Meteorological history
- Formed: September 15, 2024
- Dissipated: September 17, 2024

Potential tropical cyclone
- 1-minute sustained (SSHWS/NWS)
- Highest winds: 60 mph (95 km/h)
- Lowest pressure: 1004 mbar (hPa); 29.65 inHg

Overall effects
- Fatalities: 1 indirect
- Damage: $50–100 million (2024 USD)
- Areas affected: East Coast of the United States
- Part of the 2024 Atlantic hurricane season

= Potential Tropical Cyclone Eight (2024) =

Atlantic potential tropical cyclone in 2024

Potential Tropical Cyclone Eight was a non-tropical weather system that brought significant flooding to portions of North Carolina in mid-September 2024. The eighth tropical disturbance designated by the National Hurricane Center (NHC) during the 2024 Atlantic hurricane season formed from a stalled frontal boundary off the coast of South Carolina. A gale-force, extratropical low began to form along the frontal boundary while slowly drifting toward to the coast of South Carolina and the NHC began to initiate advisories on Potential Tropical Cyclone Eight on September 15. The system began to gradually strengthen early on September 16, and peaked with maximum sustained winds of 60 mph (95 km/h) and a minimum central pressure of 1004 mbar (29.65 inHg). However, the low failed to develop into a tropical cyclone as it did not shed its frontal characteristics and never developed a closed center of circulation. The system then moved inland and dissipated the next day.

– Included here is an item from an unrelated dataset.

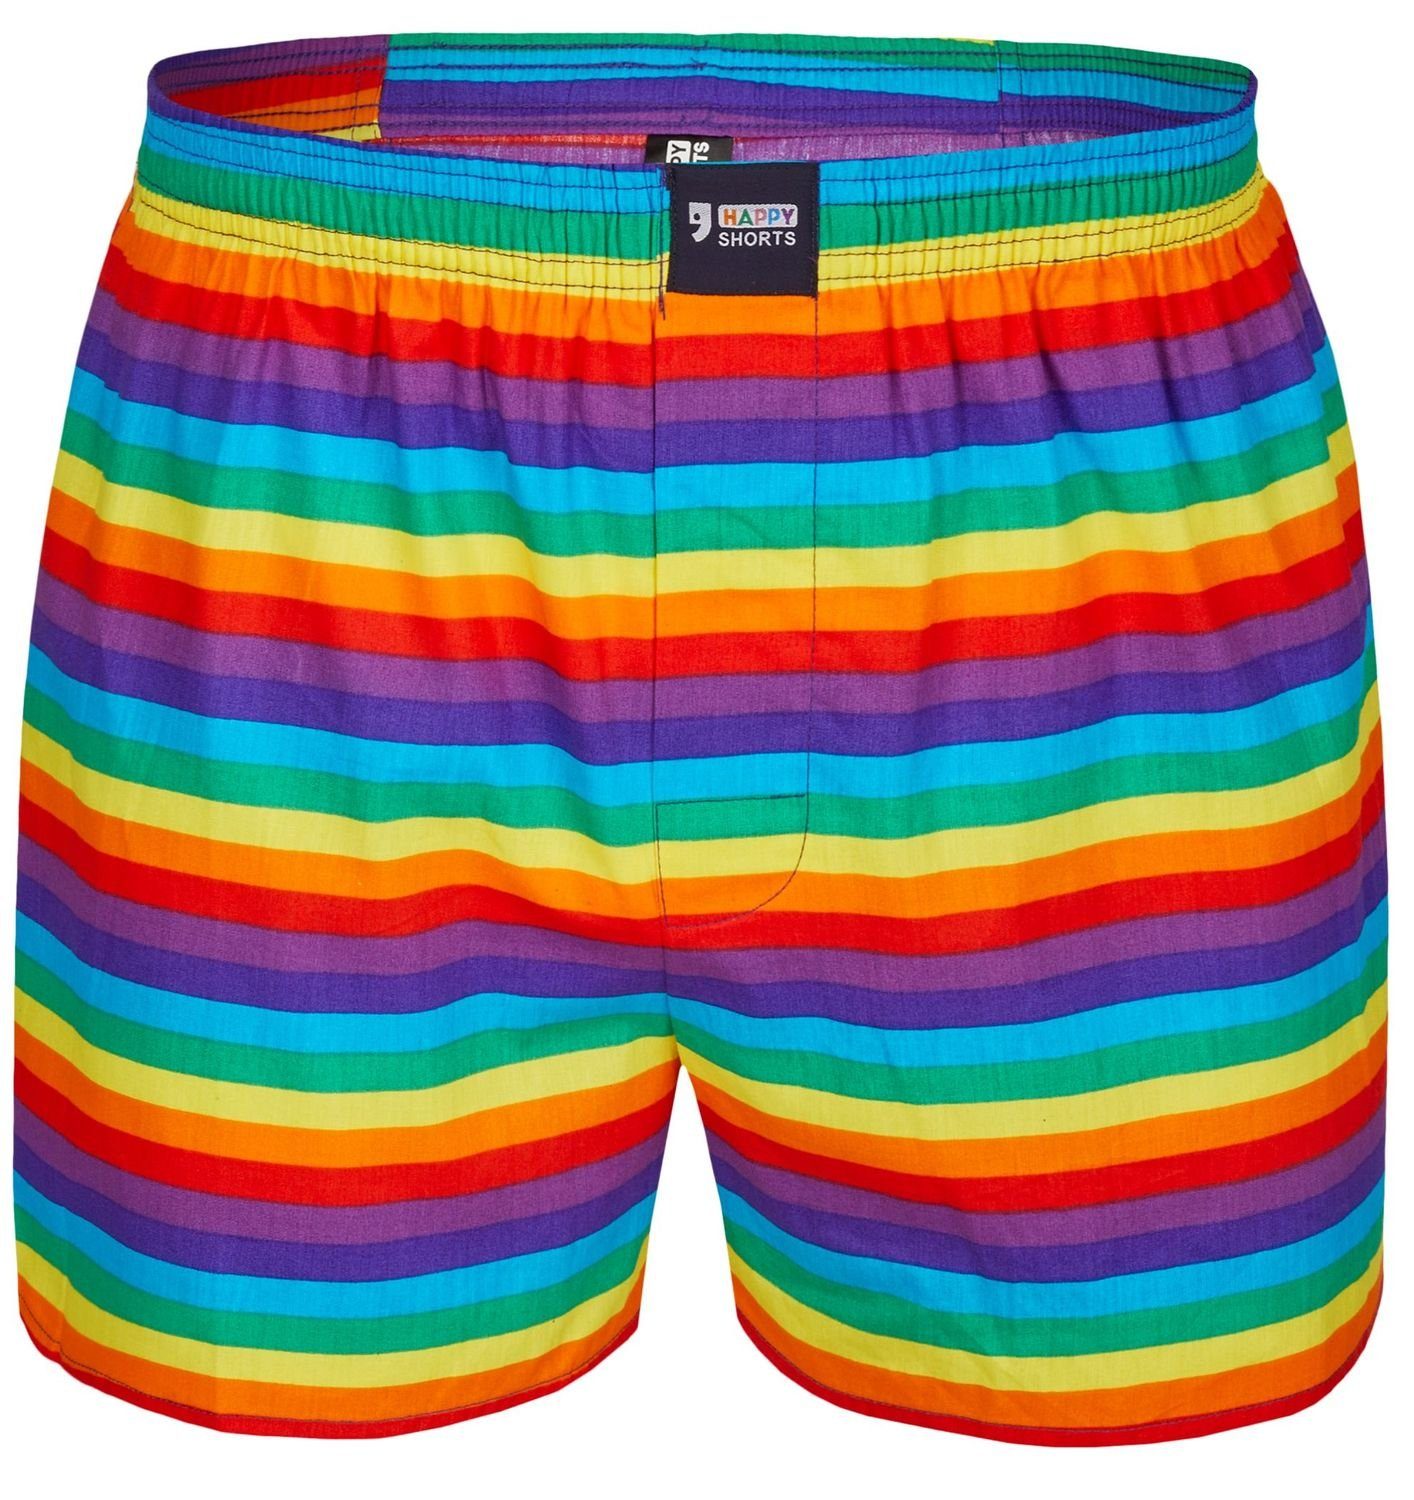 HAPPY SHORTS Boxershorts »Happy Shorts Herren american Boxer Boxershorts  Shorts Webboxer Pride Stripes Streifen« (1 Stück) online kaufen | OTTO

A tropical storm warning was issued for the coasts of South Carolina and North Carolina on September 15. Over 20 in of rain fell in some coastal portions of North Carolina leading to widespread flooding and damage. Over 100 homes were destroyed, at least 100 people were rescued and numerous roads were damaged, isolating local communities. Overall, the storm killed one person and caused more than $50 million (2024 USD) worth of damage.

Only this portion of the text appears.